Het zal duidelijk zijn dat dit verdergaat dan de hierboven genoemde zelfontplooiing en zelfredzaamheid. We komen dan in de buurt van het zelf ontwerpen van het leven. Kiezen uit tal van mogelijkheden, keuzes maken die van belang zijn voor de vulling en inhoud van alle aspecten van het leven, is de hoogste vorm van het autonome denken. Je niet meer laten gezeggen in voorschrijvende zin door anderen, past daarbij.
Daarnaast is het een gegeven dat jonge mensen zich in steeds mindere mate laten inspireren door gesloten zingevingssystemen. Die geven velen een gevoel van beperktheid, soms beklemming, dat niet past bij de vele andere aspecten van het leven waar keuzes te maken zijn.
Wat is er een groot onderscheid tussen gedachte van zelfontwerpen en de manier waarop ds. M. Golverdingen het doel van opvoeding definieert. Hij schrijft: „De vorming van de mens, in afhankelijkheid van de zegen des Heeren, tot een zelfstandige, God naar Zijn Woord dienende persoonlijkheid, geschikt en bereid om al de gaven, die hij van Hem ontving, te besteden tot Zijn eer en tot heil van het schepsel, in alle levensverbanden, waarin God hem plaatst.”
In deze omschrijving wordt het begrip zelfstandigheid in een bijbels kader geplaatst. Het gaat niet om autonomie. De mens heeft een dienende taak, in de eerste plaats ten aanzien van God, Zijn Schepper, en vervolgens ten opzichte van de medemens.

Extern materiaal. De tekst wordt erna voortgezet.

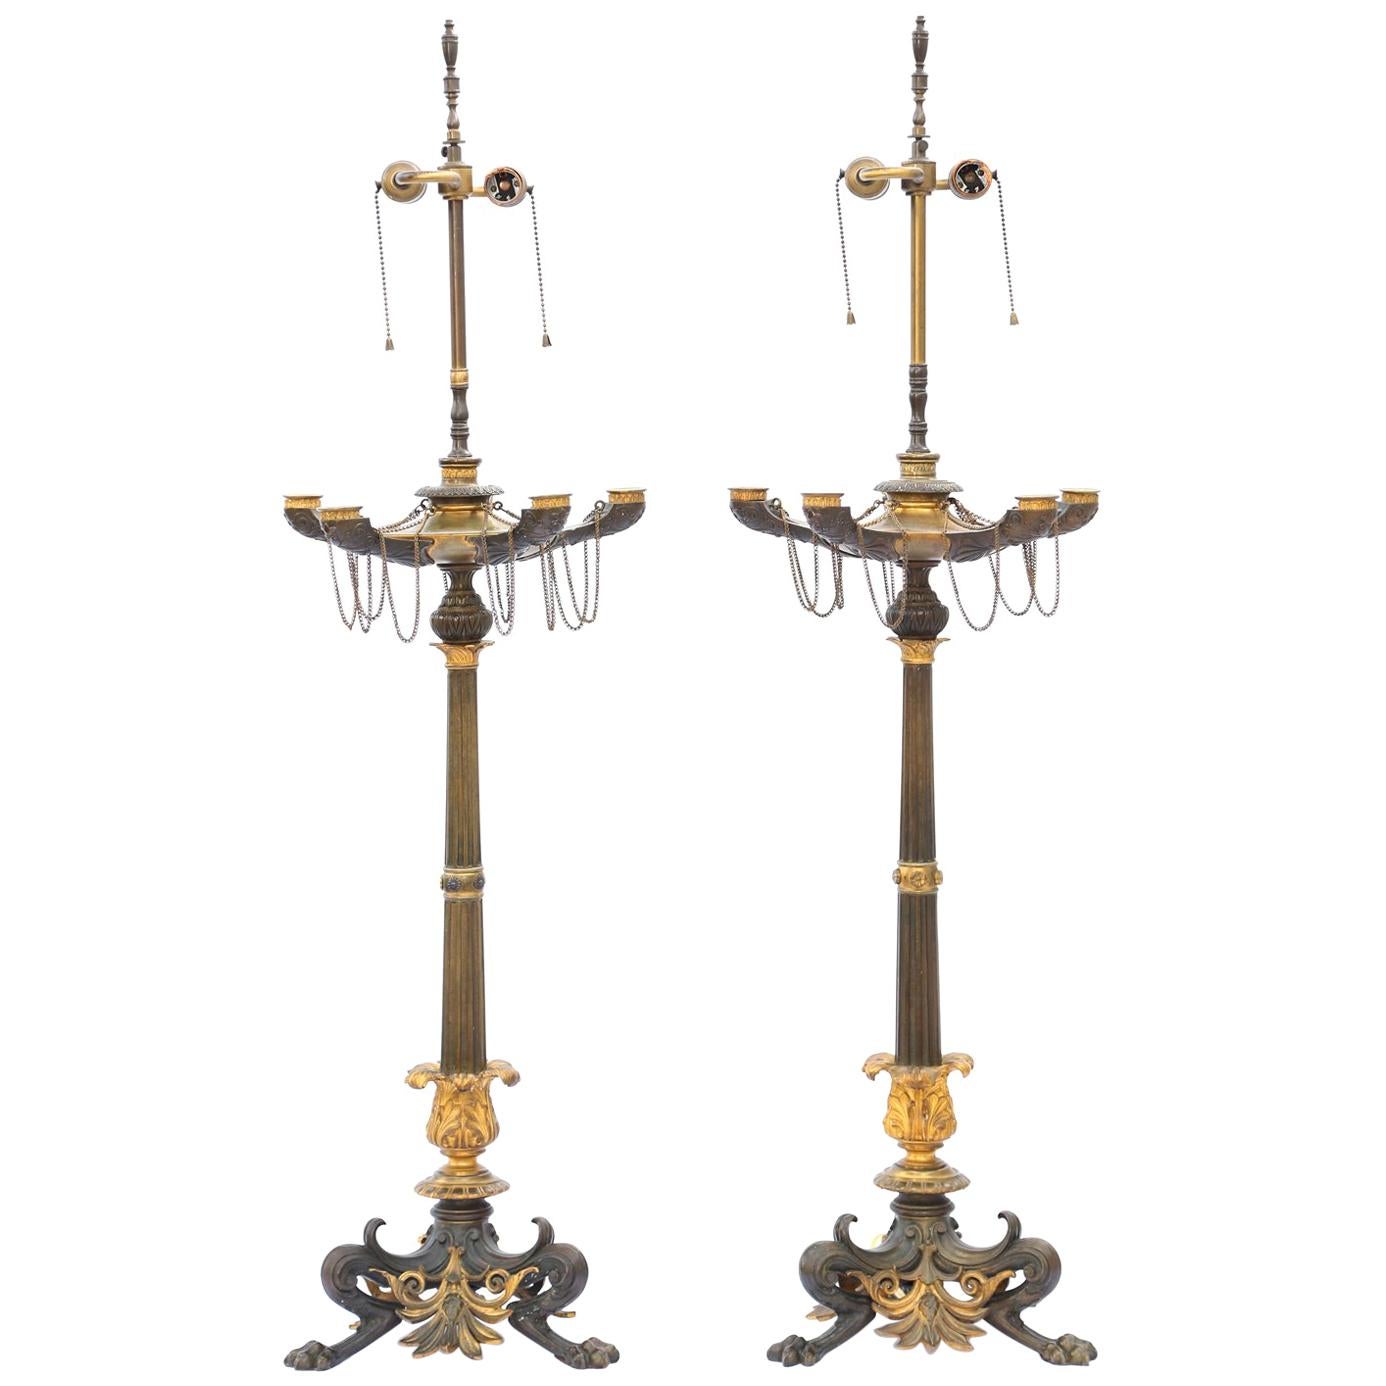 Pair of Regency Patinated Bronze and Ormolu Candelabra Lamps

Het is nodig onze jongeren en ook onszelf steeds die spiegel voor te houden met de vraag: „Waar is mijn activiteit primair op gericht?” Jozua hield in zijn afscheidstoespraak het volk Israël ook een keuzemogelijkheid voor: „Kiest u heden wie gij dienen zult.” Hij mocht door het geloof met vastberadenheid zeggen: „Aangaande mij en mijn huis, wij zullen de Heere dienen.”
Die geloofskeuze heeft ons veel te zeggen. Zij wijst een betere weg voor onze tijd dan het ikgerichte zelfontwerpen.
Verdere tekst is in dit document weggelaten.